== Segment start ==

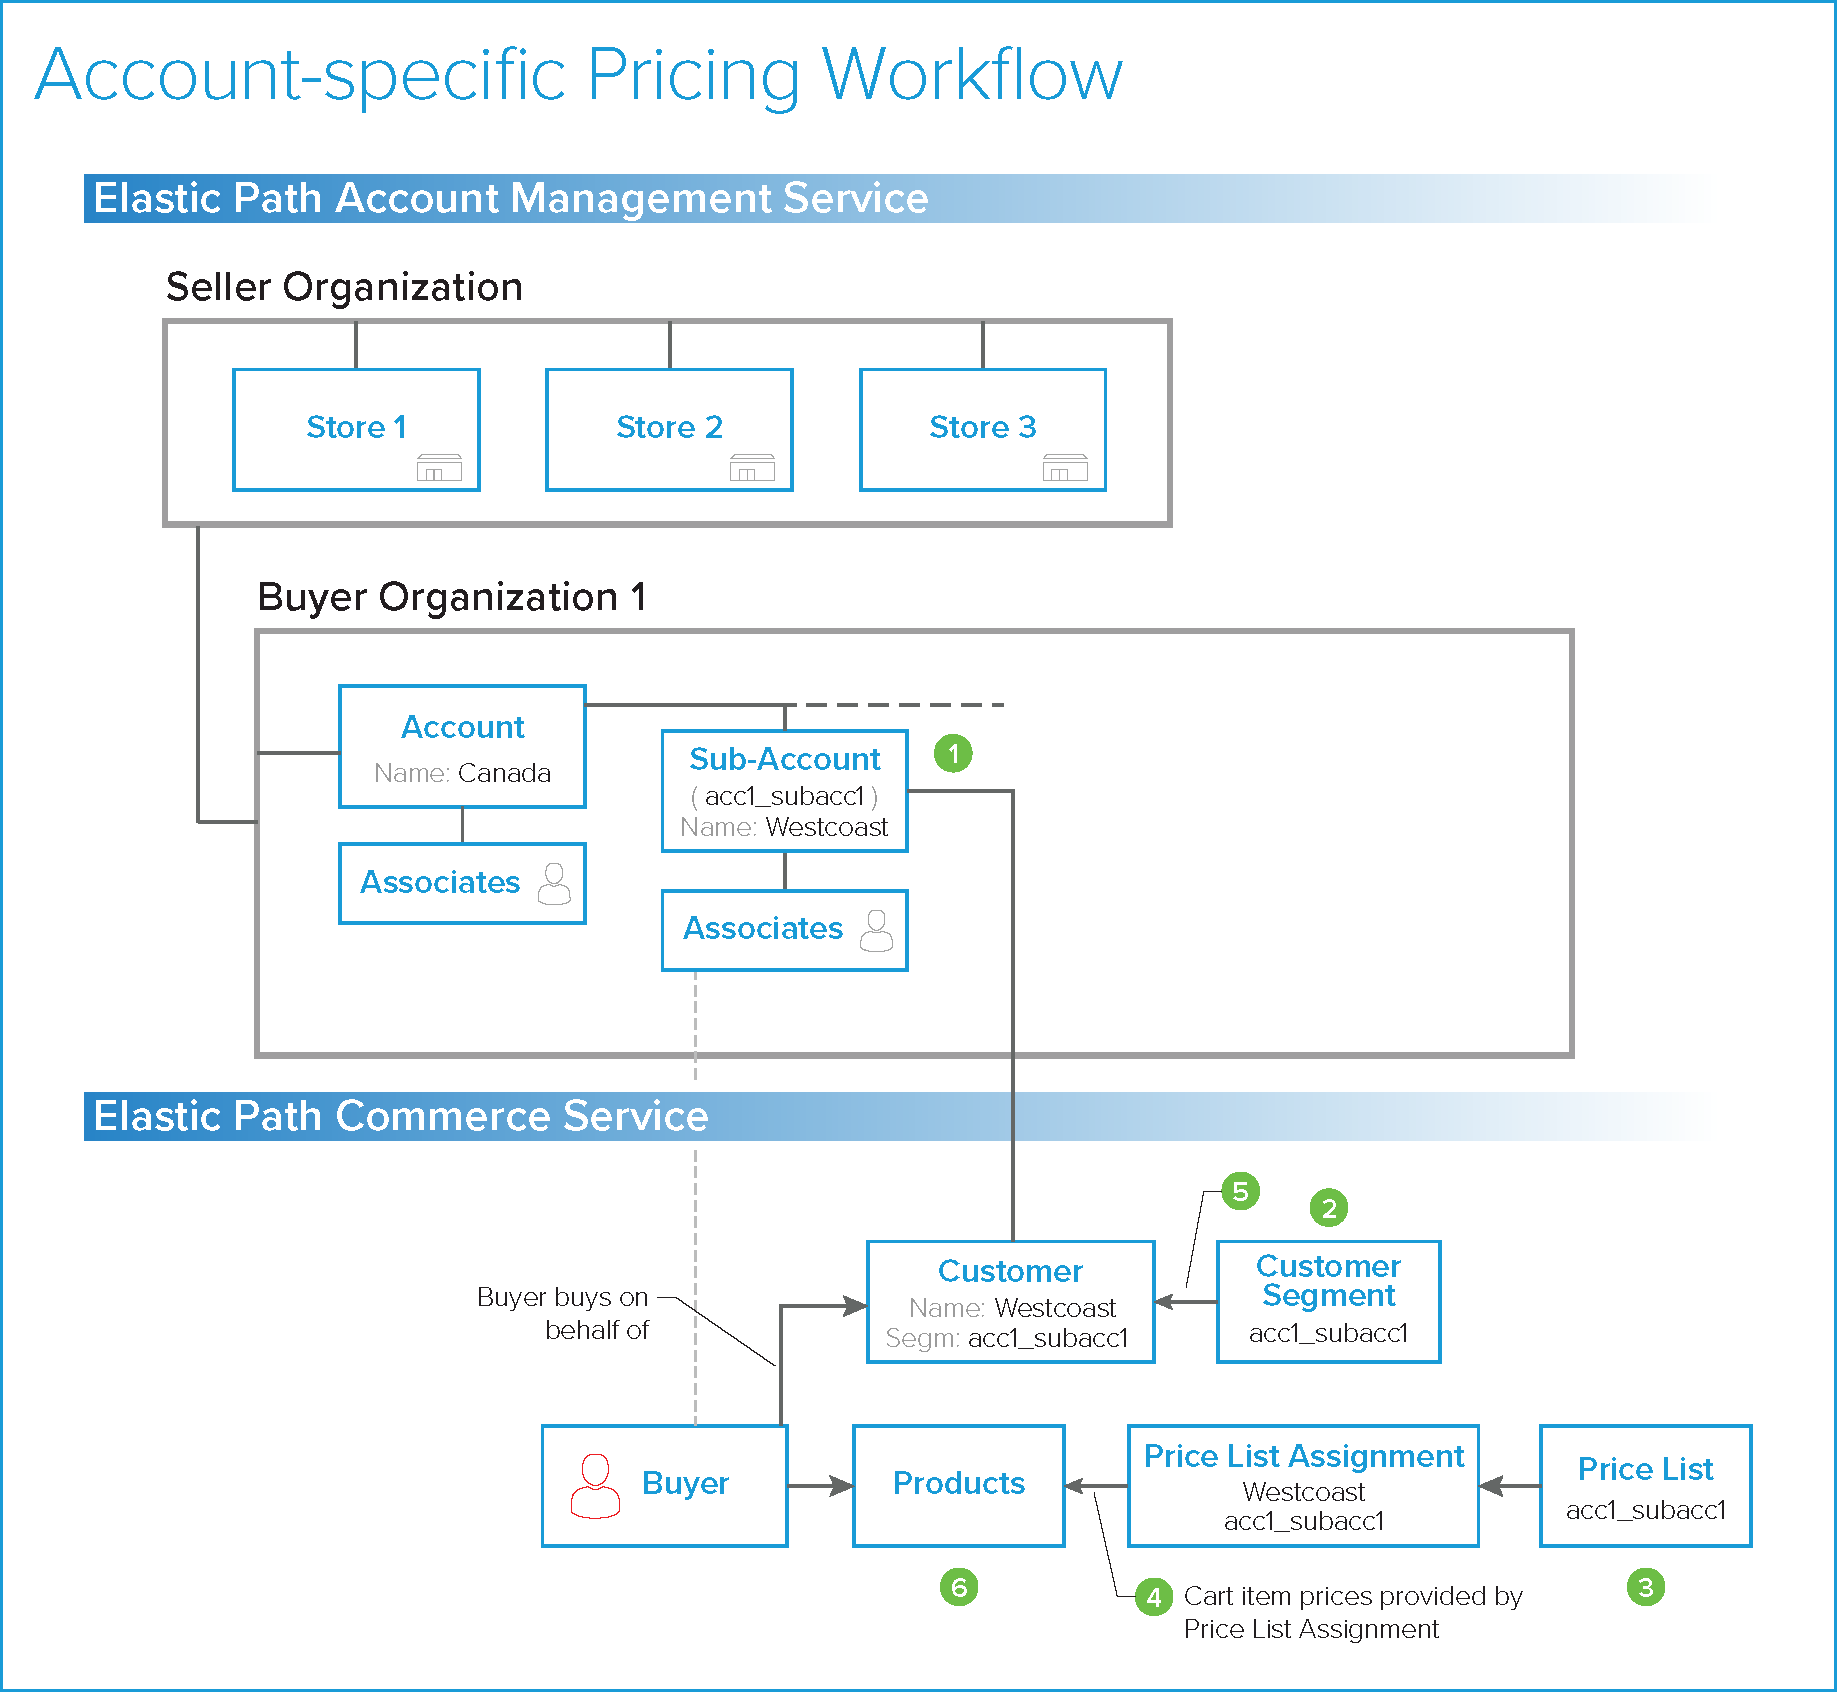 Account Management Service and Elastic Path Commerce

== Segment end ==
== Segment start ==

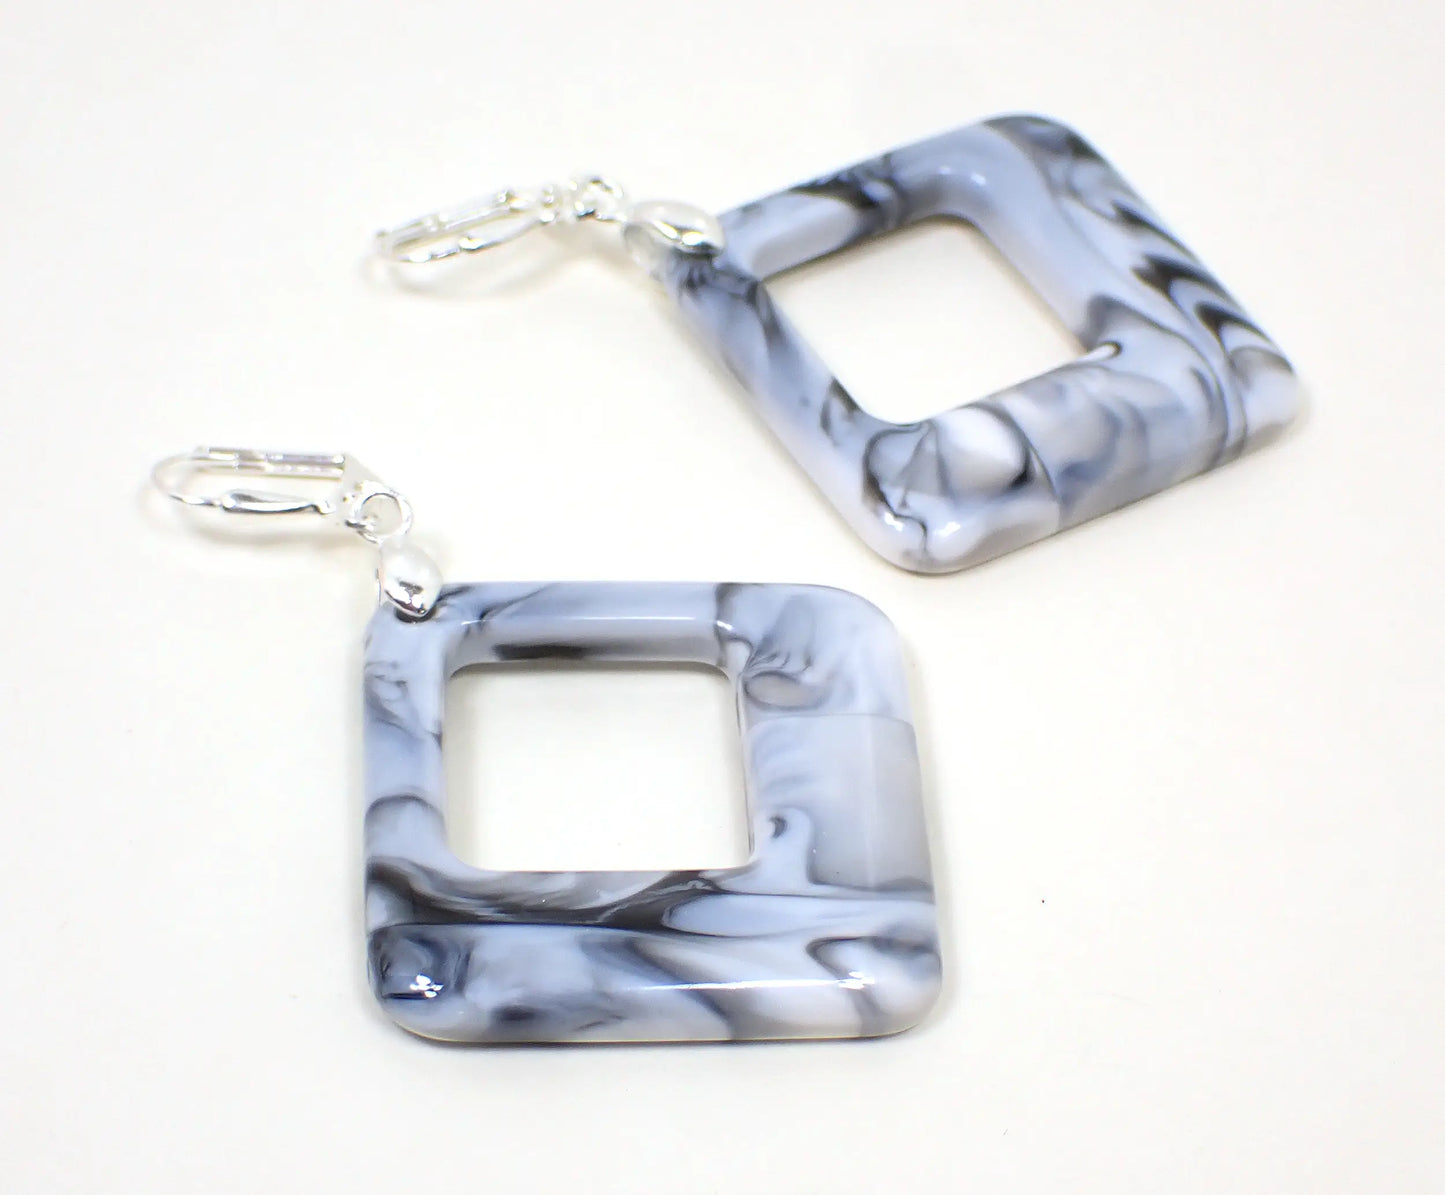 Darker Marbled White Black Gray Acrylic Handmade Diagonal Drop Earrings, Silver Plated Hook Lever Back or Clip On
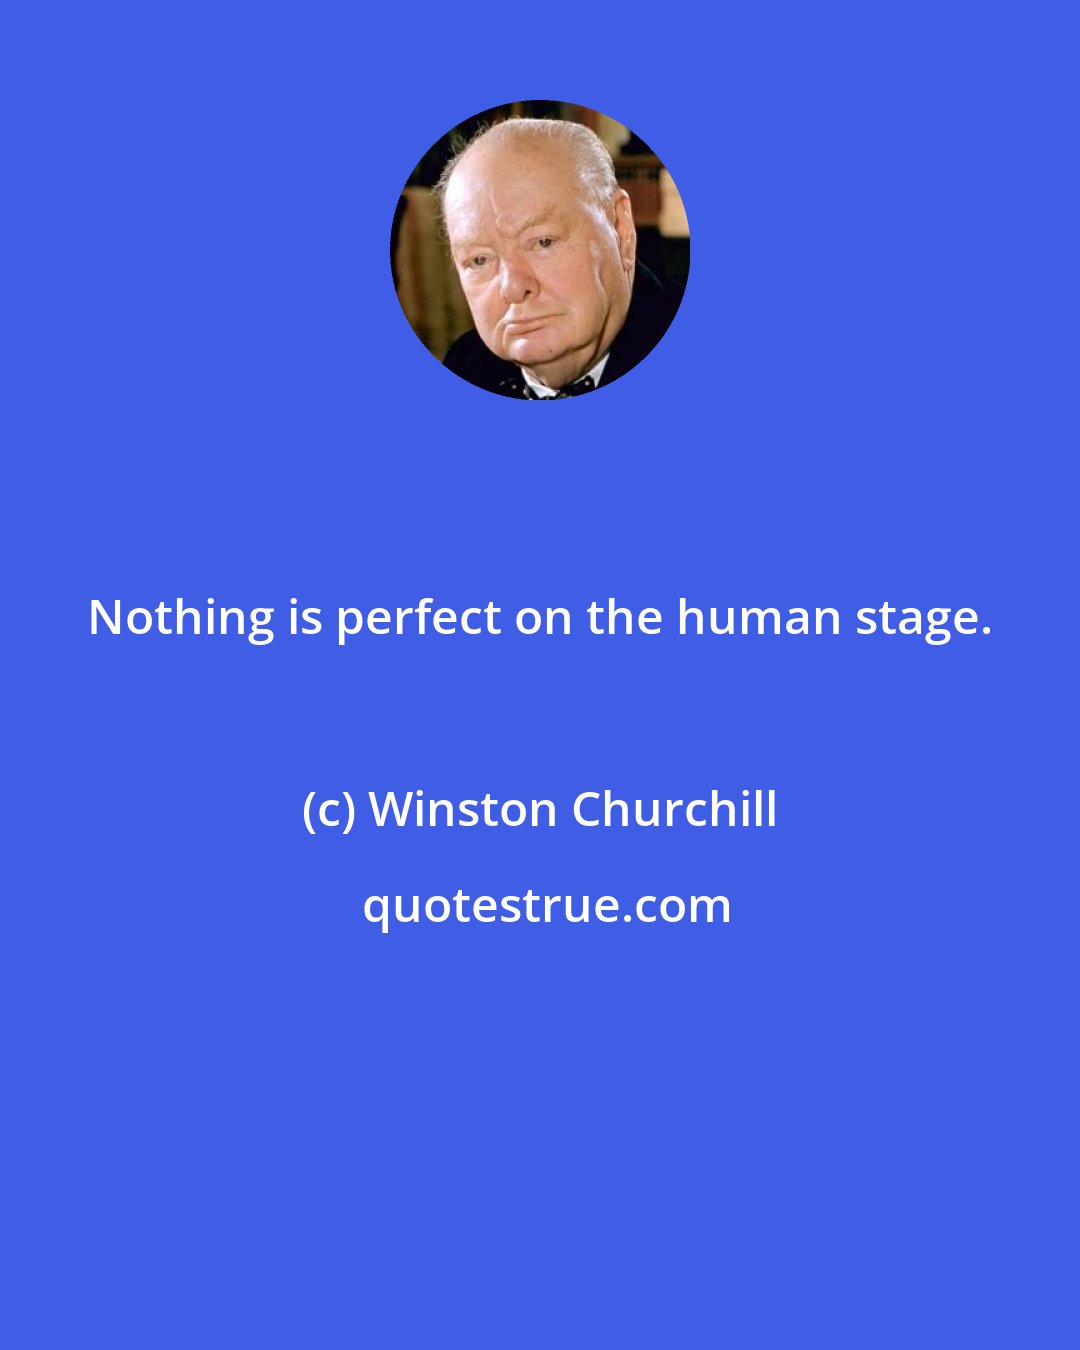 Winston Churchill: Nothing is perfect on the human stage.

== Segment end ==

Give again the stretch of the entries above that begins at the line with "Darker Marbled White" and ends at the line with "Winston Churchill: Nothing", word for word, with no pictures.

 Darker Marbled White Black Gray Acrylic Handmade Diagonal Drop Earrings, Silver Plated Hook Lever Back or Clip On
 Winston Churchill: Nothing is perfect on the human stage.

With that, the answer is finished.